Petitioner relies on language of the Supreme Court in N. L. R. B. v. United Steelworkers of America, 1958, 357 U.S. 357, 364, 78 S.Ct. 1268, 2 L.Ed. 2d 1383 to the effect that a vital consideration in the determination of the validity of a no-solicitation rule is the existence or non-existence of alternate channels of communication by the employees. However, the Steelworkers case involved an admittedly valid no-solicitation rule and a very narrow question whether an employer who actively engaged in anti-union solicitation could properly enforce an otherwise valid no-solicitation rule against the union. The Court indicated that findings by the Board on the question of alternate channels of communication were vital to such a question. Similarly such findings were considered essential in determining the validity of a rule prohibiting the solicitation by nonemployees on company property. N. L. R. B. v. Babcock & Wilcox Co., 1956, 351 U.S. 105, 113, 76 S.Ct. 679, 685, 100 L.Ed. 975. But the Court also pointed out in Babcock & Wilcox that different considerations may be controlling when employees are involved:


"No restriction may be placed on the employees' rights to discuss self-organization among themselves, unless the employer can demonstrate that a restriction is necessary to maintain production or discipline." (Ibid.)


Petitioner contends also that the nodistribution rule was revoked by its removal from the bulletin board five days after it became effective. Assuming this amounted to a revocation, as the Trial Examiner found, there was no indication that the revocation was otherwise communicated to the employees. The two employees who had been threatened with discharge for its violation before it was even posted were not so informed. Under these circumstances the Board properly entered the cease and desist order as to the rule.

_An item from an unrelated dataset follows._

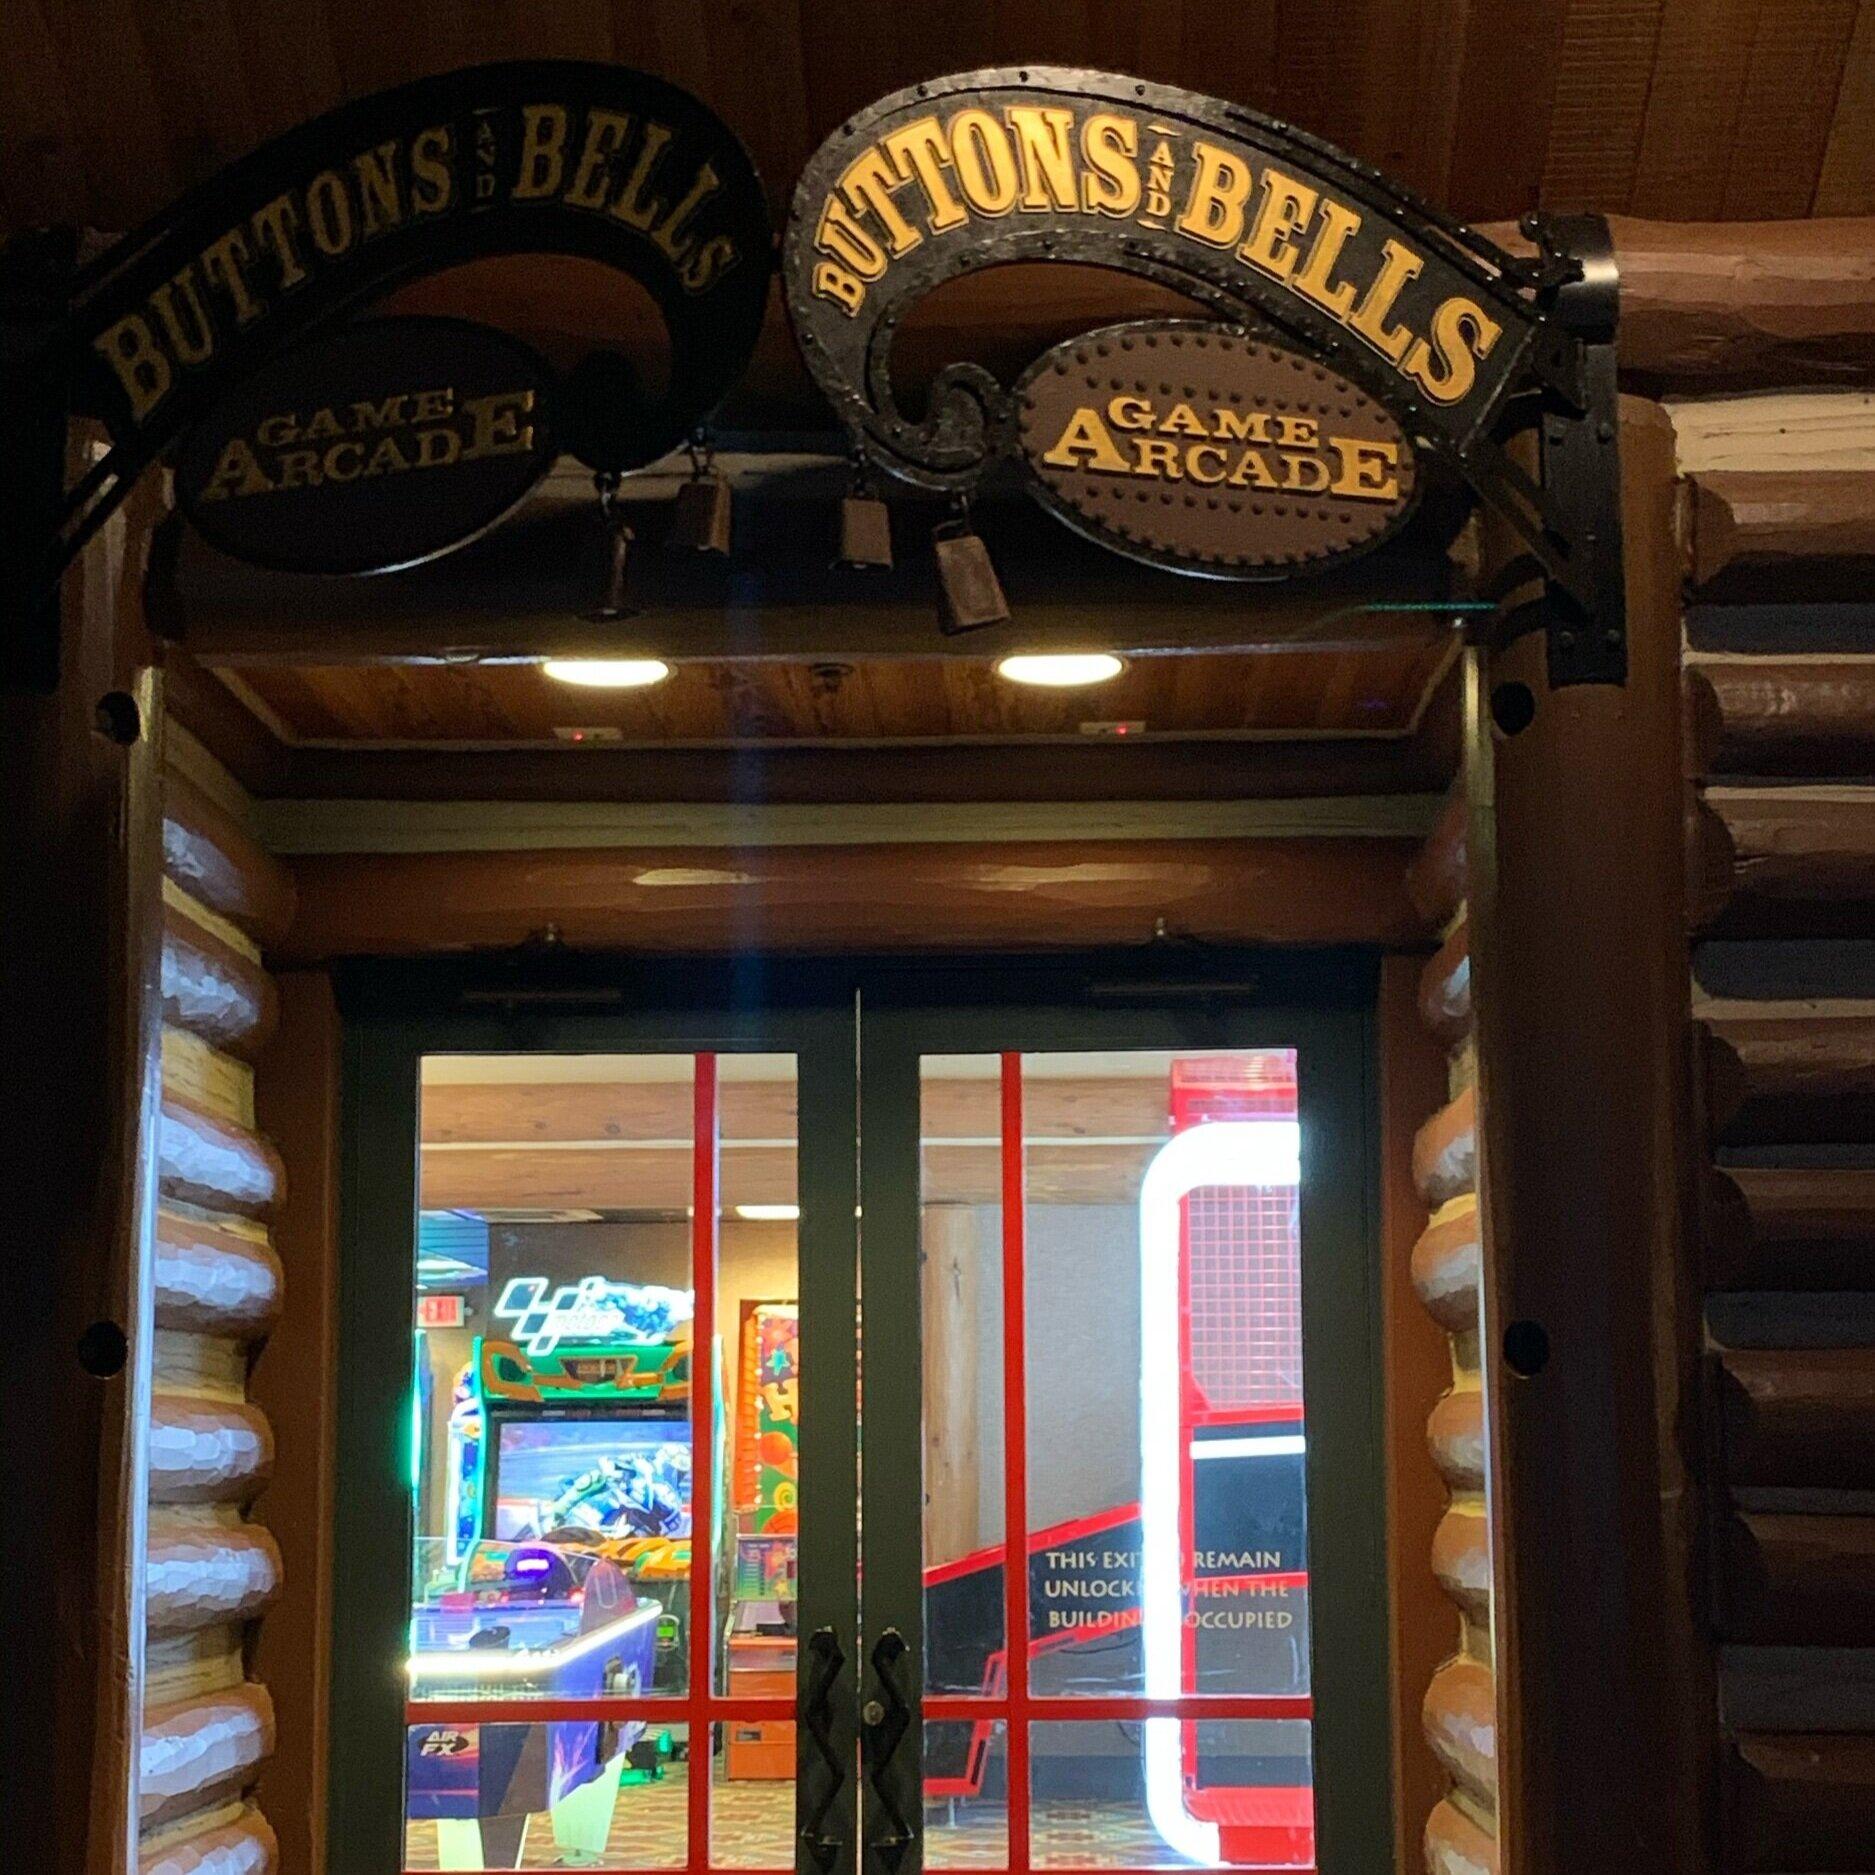 Buttons & Bells Arcade at Disney's Wilderness Lodge

The cases cited by petitioner in support of its contention that it properly discharged five employees for a violation of a company rule indicate only that the Board and the courts have necessarily recognized and sought to strike a balance between recognized and mutually limiting rights of employers to make reasonable rules in order to maintain production and discipline and the employees to engage in concerted activity. See Republic Aviation Corp. v. N. L. R. B., 1945, 324 U.S. 793, 798, 65 S.Ct. 982, 89 L.Ed. 1372. Thus in Terry Poultry Company, 109 N.L.R.B. 1097 (1954) the Board recognized the reasonableness and validity of a long-established company rule, which was well-known to the employees, requiring them to notify their foreman or fellow employees when desiring to leave the production line. The rule patently had the legitimate business purpose of limiting absences from a moving production line. Under these circumstances, the Board upheld the right of the employer to discharge two employees who left the production line without proper notification in order to present a grievance. Similarly in Santa Clara Lemon Association, 116 N.L.R.B. 44 (1956) the Board found no discriminatory purpose behind the discharge of an employee, the union's chief shop steward, who left the production line without her foreman's permission, in violation of a long standing company rule (which antedated the start of union activities and which was adopted for a legitimate business purpose), in order to present a grievance.3


In the instant case, however, there was no formal posted company rule requiring an employee to gain his foreman's permission before leaving his work area. There is nothing to indicate such a rule was required for plant efficiency. Indeed, the president of the company testified that the plant had no production line as such and that absence from the work bench would not interrupt the flow of material unless an employee should be gone "for considerable length of time." The letter sent to the employees dated September 13 stated only that absence from the plant without cause or permission was a violation of company rules. It was admittedly prompted by the unscheduled union walkout on that date. One of petitioner's foremen, Hughes, testified that he did not recall having told any employees that the company had a rule against leaving the work area before September 13, the date of the walkout. He indicated that on that date the employees were so informed. Foreman Oller testified similarly although he indicated that prior to September 13 he had spoken to several employees about their habits of excessive visiting.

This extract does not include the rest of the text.